Below is a great tutorial about installing the extension. It also lists some shell commands we'll need later.
- Goal: If everything works, we should see our live SP connection in the MongoDB Extension tab.
Within a stream processing instance (=cluster), it is possible to create and run multiple stream processors (=stream processing pipelines) simultaneously.
A single stream processor (SP) is very similar to a MongoDB aggregation pipeline. It is described by an array of processing stages. However, there are some differences. The most basic SP can be created using only its data source (we'll have executable examples next).
1 // our array of stages 2 // source is defined earlier 3 sp_aggregation_pipeline = [source] 4 sp.createStreamProcessor("SP_NAME", sp_aggregation_pipeline, <OPTIONS>)
A more realistic stream processor would contain at least one aggregation stage, and there can be a large number of stages performing various operations to the incoming data stream. There's a generous limit of 16MB for the total processor size.
1 sp_aggregation_pipeline = [source, stage_1, stage_2...] 2 sp.createStreamProcessor("SP_NAME", sp_aggregation_pipeline, <OPTIONS>)
To increase the development loop velocity, there's an sp.process() function which starts an ephemeral stream processor that won't persist in your stream processing instance.
Let's create basic stream processors and build our way up. First, we need to have some data! Atlas Stream Processing supports several data sources for incoming streaming events. These sources include:
- Hard-coded data declaration in $source.
- Kafka streams.
- MongoDB Atlas databases.
For quick testing or self-contained examples, having a small set of hard-coded data is a very convenient way to produce events. We can declare an array of events. Here's an extremely simple example, and note that we'll make some tweaks later to cover different use cases.
In VS Code, we run an ephemeral stream processor with sp.process(). This way, we don't have to use sp.createStreamProcessor() and sp..drop() constantly as we would for SPs meant to be saved permanently in the instance.
1 src_hard_coded = { 2 $source: { 3 // our hard-coded dataset 4 documents: [ 5 {'id': 'entity_1', 'value': 1}, 6 {'id': 'entity_1', 'value': 3}, 7 {'id': 'entity_2', 'value': 7}, 8 {'id': 'entity_1', 'value': 4}, 9 {'id': 'entity_2', 'value': 1} 10 ] 11 } 12 } 13 sp.process( [src_hard_coded] );
Upon running this playground, we should see data coming out in the VS Code "OUTPUT" tab (CTRL+SHIFT+U to make it appear)
Note: It can take a few seconds for the SP to be uploaded and executed, so don't expect an immediate output.
1 { 2 id: 'entity_1', 3 value: 1, 4 _ts: 2024-02-14T18:52:33.704Z, 5 _stream_meta: { timestamp: 2024-02-14T18:52:33.704Z } 6 } 7 { 8 id: 'entity_1', 9 value: 3, 10 _ts: 2024-02-14T18:52:33.704Z, 11 _stream_meta: { timestamp: 2024-02-14T18:52:33.704Z } 12 } 13 ...
This simple SP can be used to ensure that data is coming into the SP and there are no problems upstream with our source.

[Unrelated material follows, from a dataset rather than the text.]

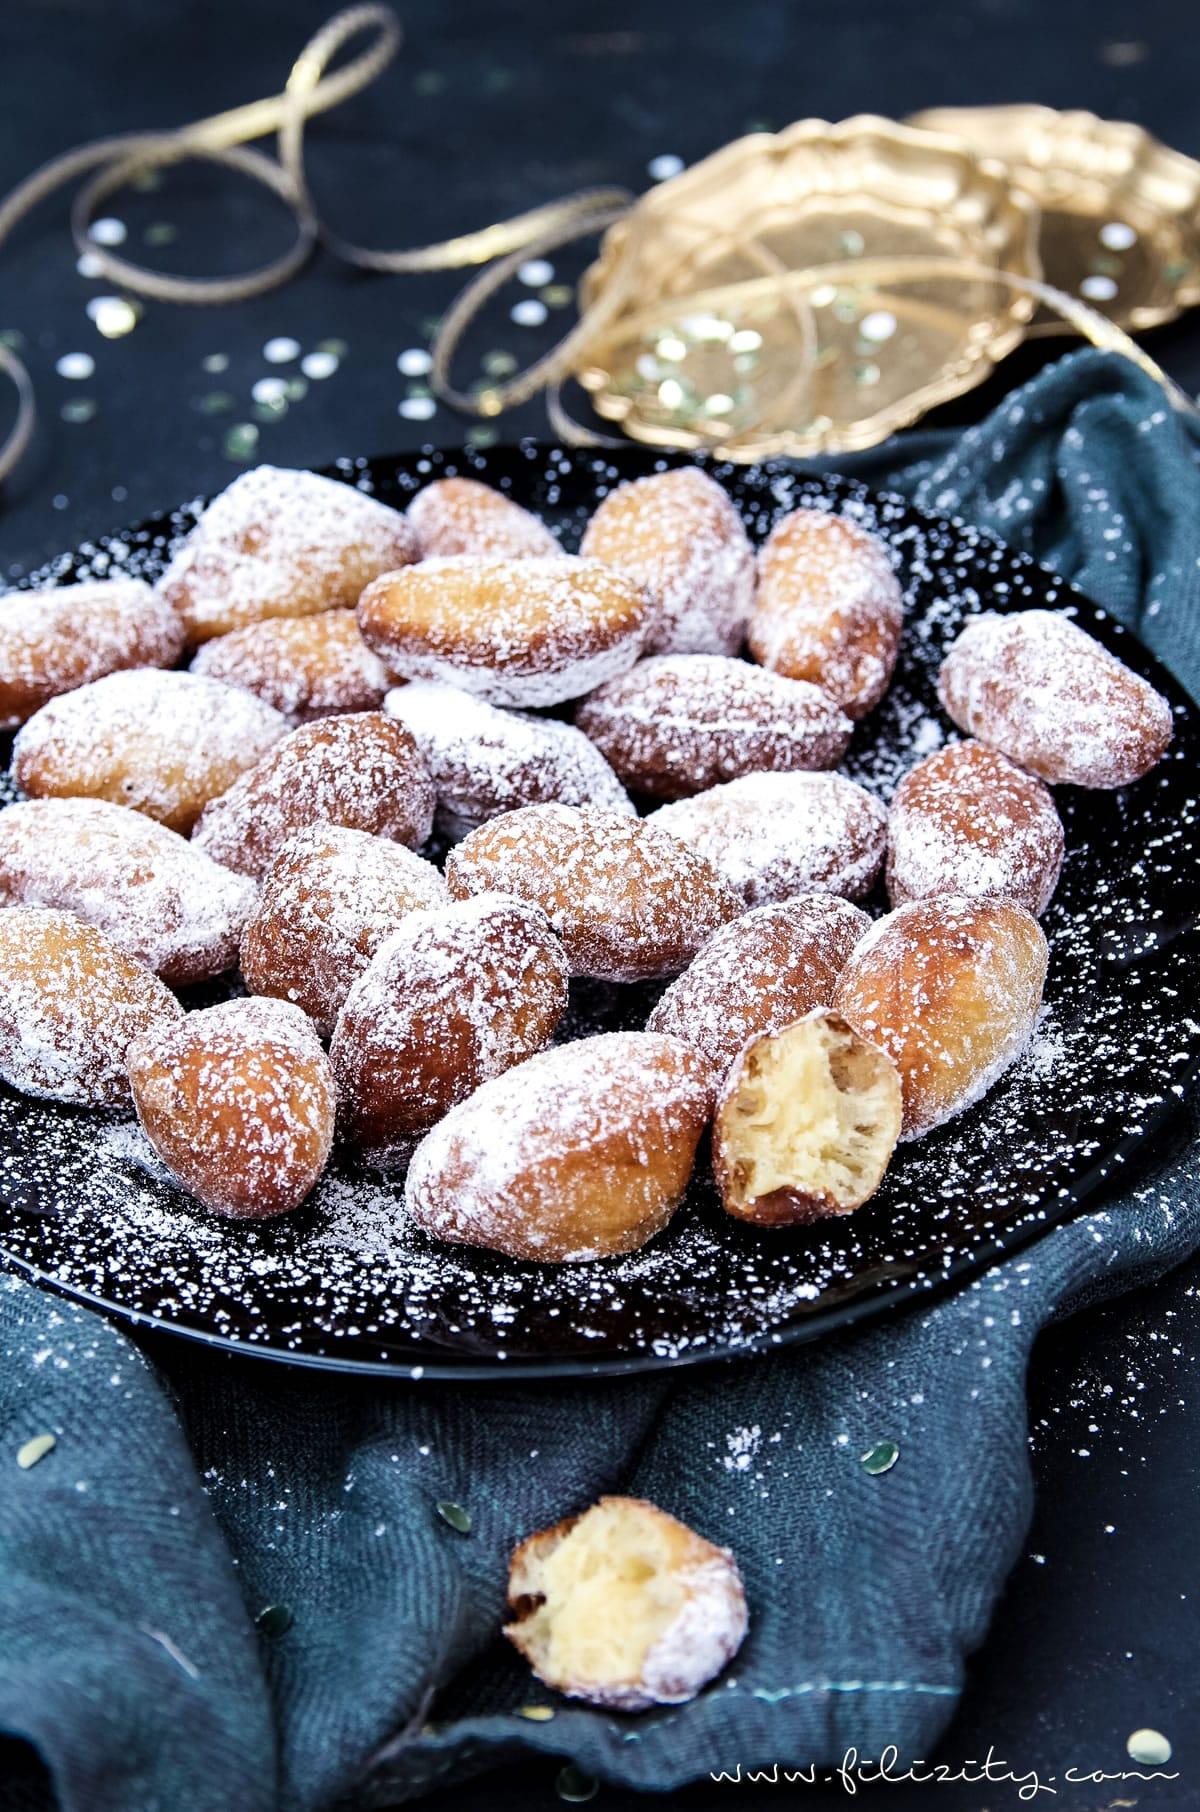 Fasching-Rezept für Mini-Krapfen | Berliner ohne Füllung | Filizity.com | Food-Blog aus dem Rheinland #helau #alaaf #karneval #fasching #berliner #partyfood

Timestamps data was generated at ingestion time.
Building on what we have, adding a simple aggregation pipeline to our SP is easy. Below, we're adding a $group stage to aggregate/accumulate incoming messages' "value" field into an array for the requested interval.
Note that the "w" stage (w stands for "Window") of the SP pipeline contains an aggregation pipeline inside. With Stream Processing, we have aggregation pipelines in the stream processing pipeline.
This stage features a $tumblingWindow which defines the time length the aggregation will be running against. Remember that streams are supposed to be continuous, so a window is similar to a buffer.
interval defines the time length of a window. Since the window is a continuous data stream, we can only aggregate on a slice at a time.
idleTimeout defines how long the $source can remain idle before closing the window. This is useful if the stream is not sustained.
1 src_hard_coded = { 2 $source: { 3 // our hard-coded dataset 4 documents: [ 5 {'id': 'entity_1', 'value': 1}, 6 {'id': 'entity_1', 'value': 3}, 7 {'id': 'entity_2', 'value': 7}, 8 {'id': 'entity_1', 'value': 4}, 9 {'id': 'entity_2', 'value': 1} 10 ] 11 } 12 } 13 14 w = { 15 $tumblingWindow: { 16 // This is the slice of time we want to look at every iteration 17 interval: {size: NumberInt(2), unit: "second"}, 18 // If no additional data is coming in, idleTimeout defines when the window is forced to close 19 idleTimeout : {size: NumberInt(2), unit: "second"}, 20 "pipeline": [ 21 { 22 '$group': { 23 '_id': '$id', 24 'values': { '$push': "$value" } 25 } 26 } 27 ] 28 } 29 } 30 sp_pipeline = [src_hard_coded, w]; 31 sp.process( sp_pipeline );
Let it run for a few seconds, and we should get an output similar to the following. $group will create one document per incoming "id" field and aggregate the relevant values into a new array field, "values."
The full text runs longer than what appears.